**DATA SECTION**.
=====
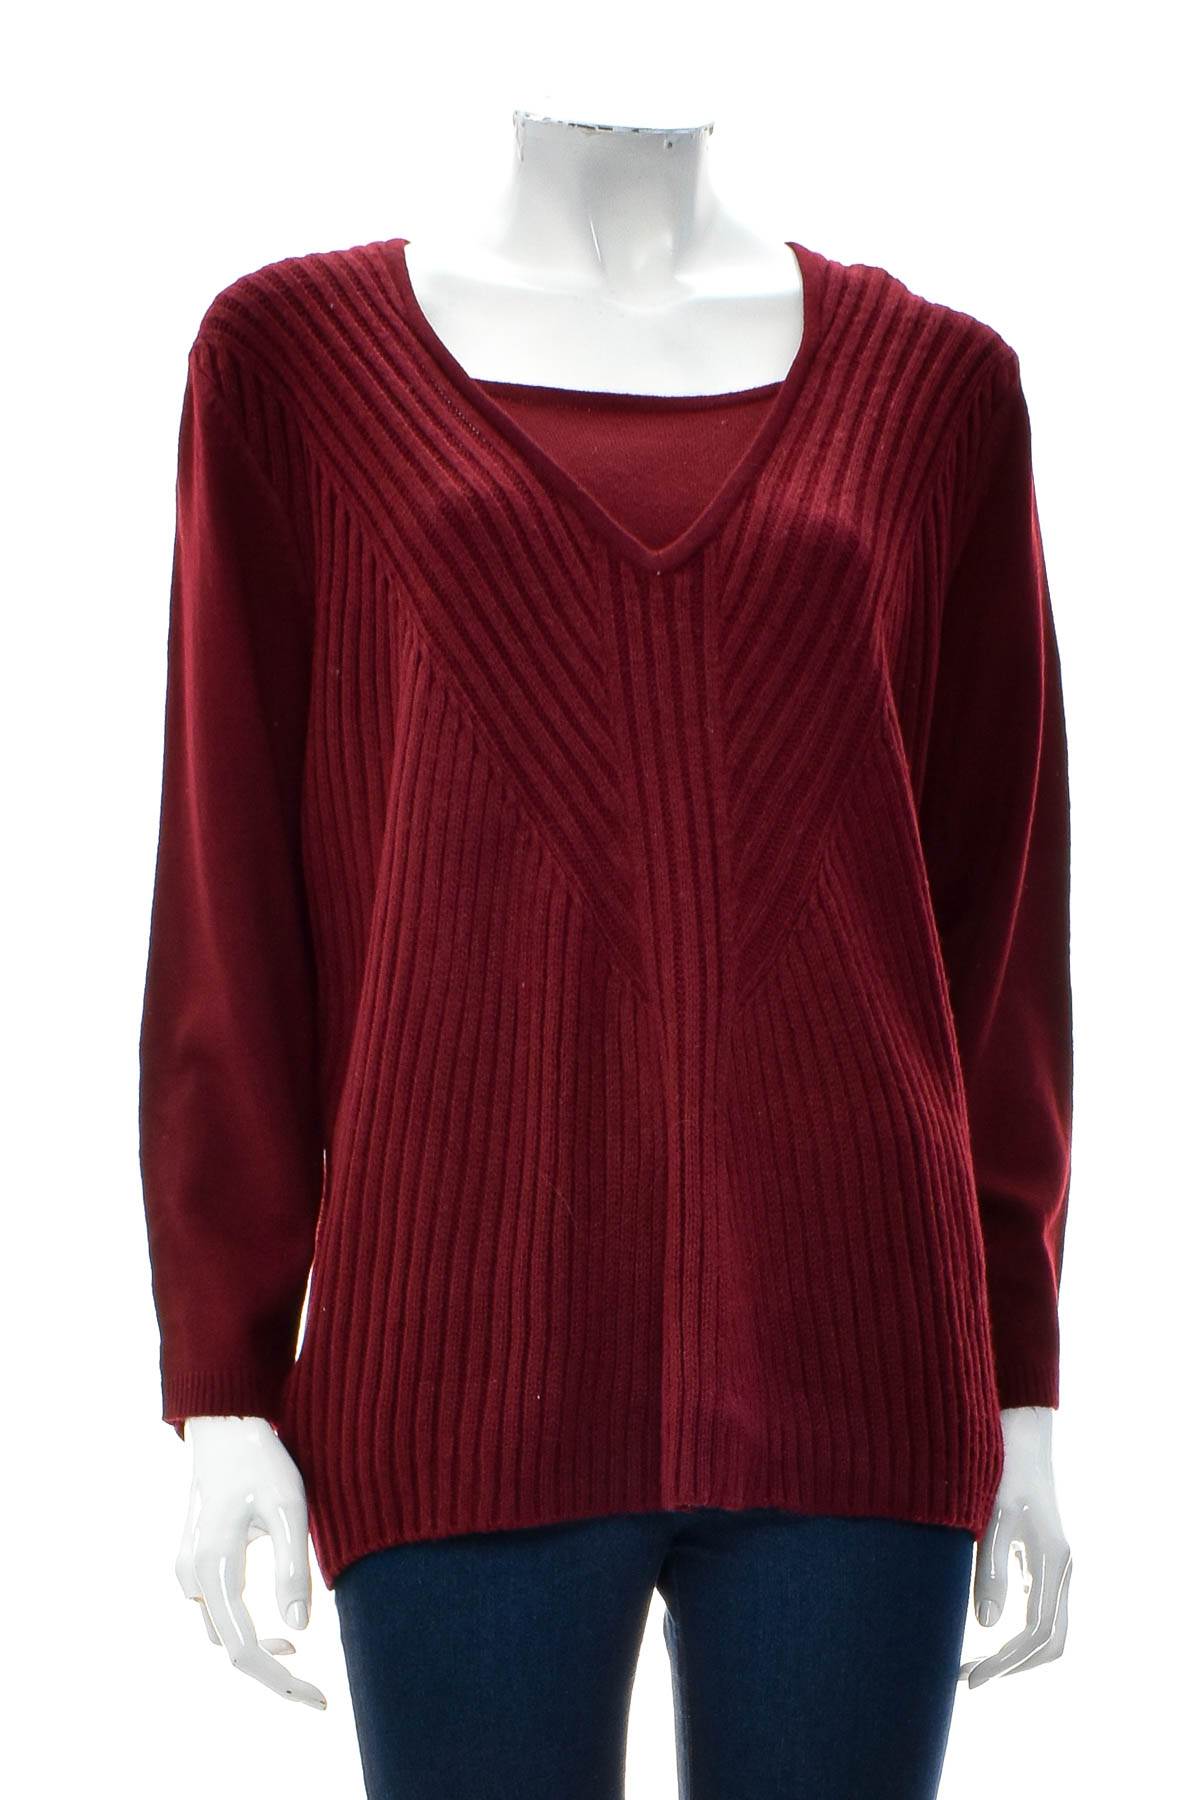 Women's sweater - Tradition - 0
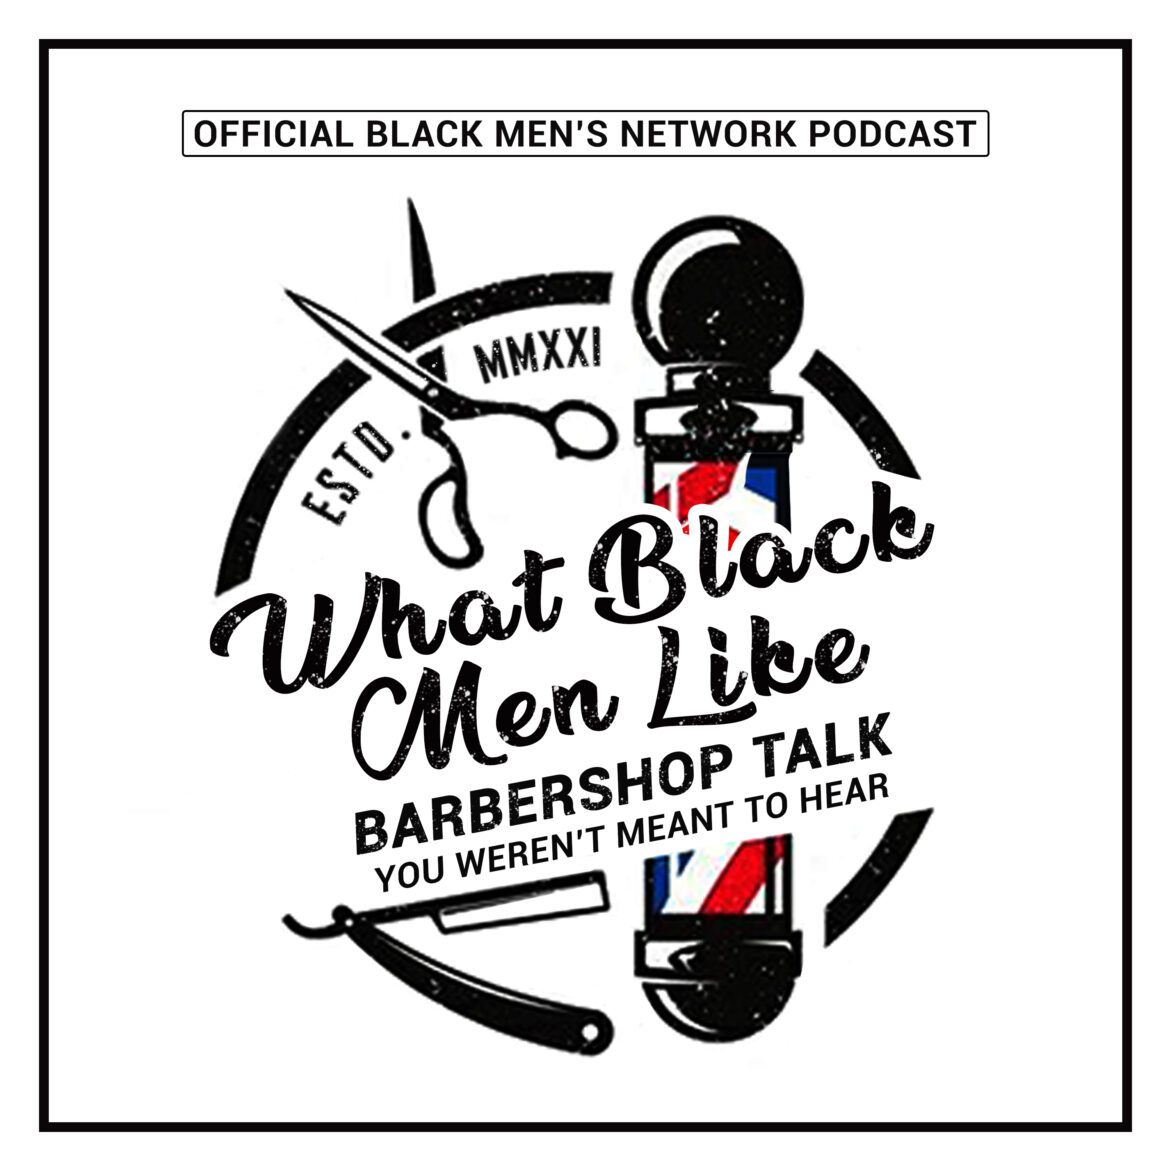 Black Podcasting - Interview: Hookdiggy
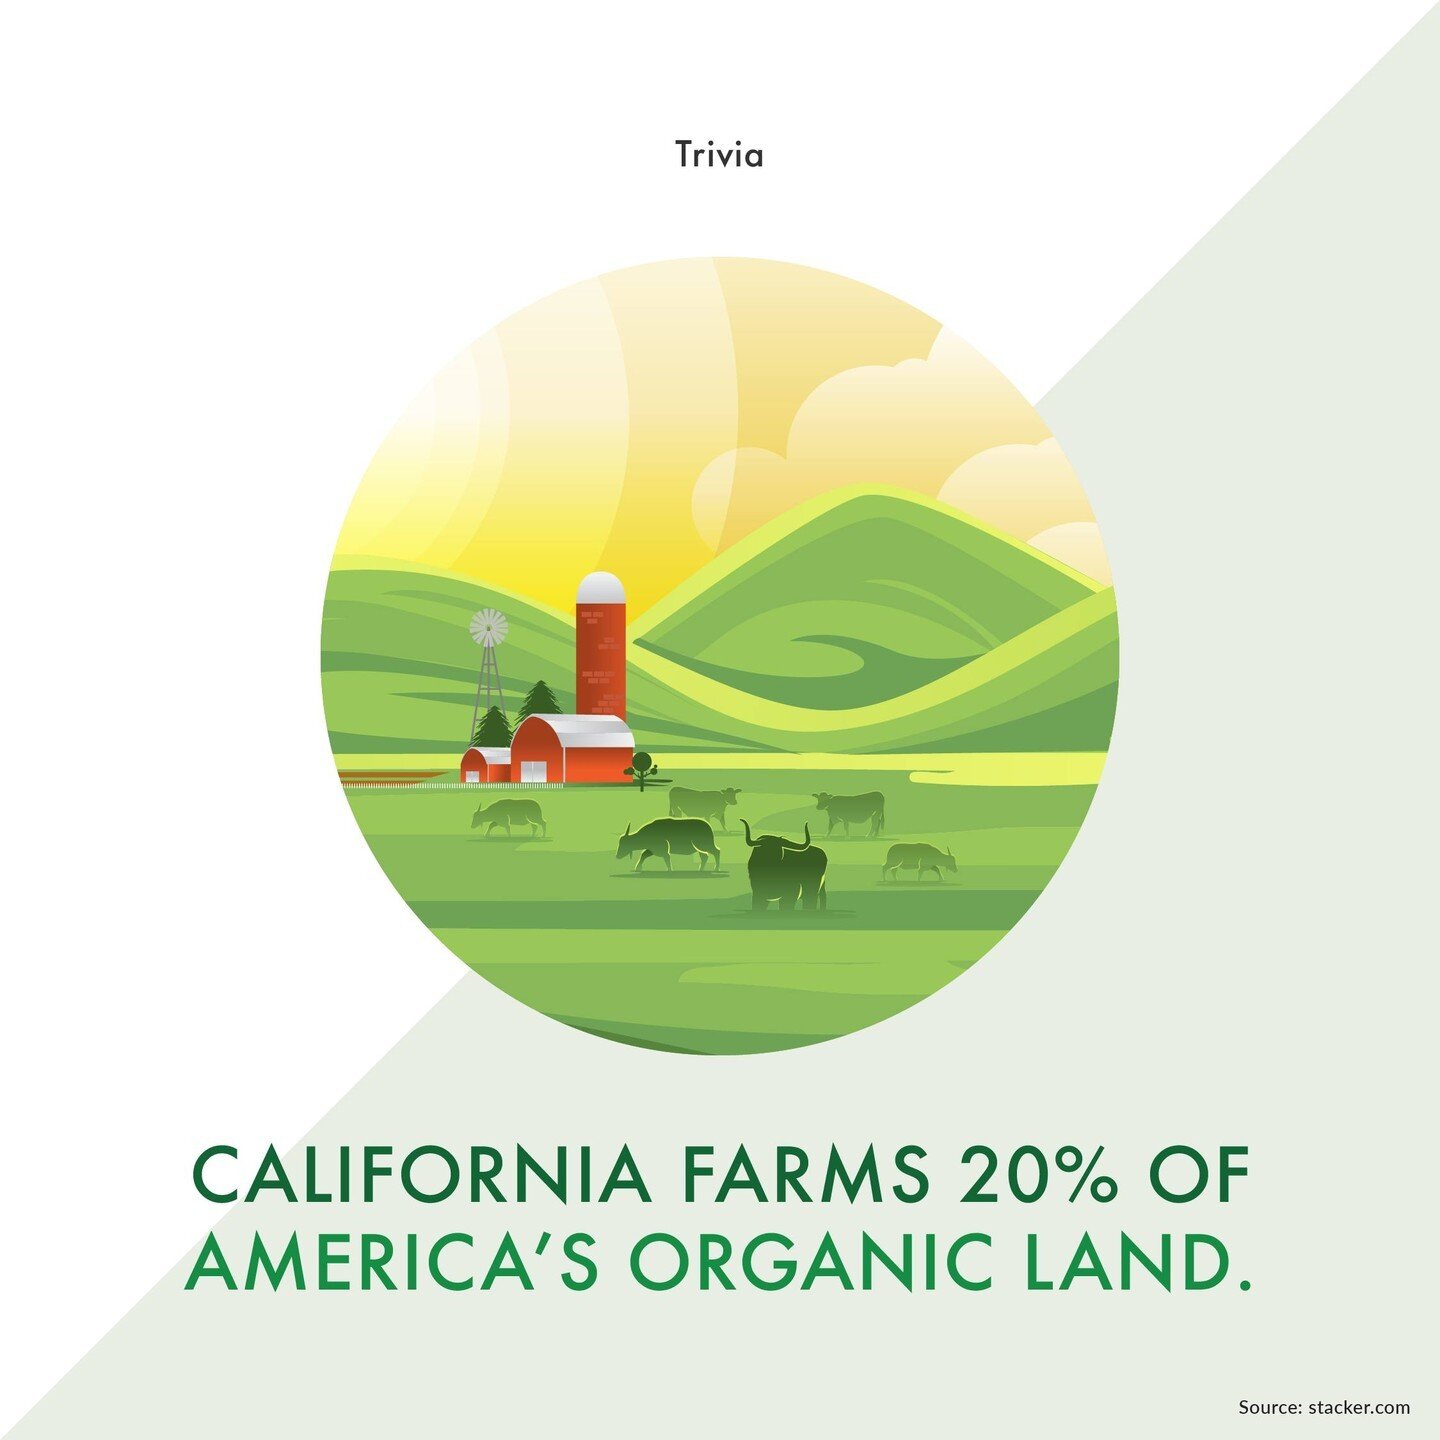 California has 2,700 organic farms, about one-fifth of the country&rsquo;s total organic land. Only two other states&mdash;Wisconsin and New York&mdash;have more than 1,000 organic farms.

#ThursdayTrivia #Farm #Farmers #FoodSupplier #Agriculture #HV
=====
Repeat the listing word for word, omitting the pictures.

 Women's sweater - Tradition - 0
 Black Podcasting - Interview: Hookdiggy
 California has 2,700 organic farms, about one-fifth of the country&rsquo;s total organic land. Only two other states&mdash;Wisconsin and New York&mdash;have more than 1,000 organic farms.

#ThursdayTrivia #Farm #Farmers #FoodSupplier #Agriculture #HV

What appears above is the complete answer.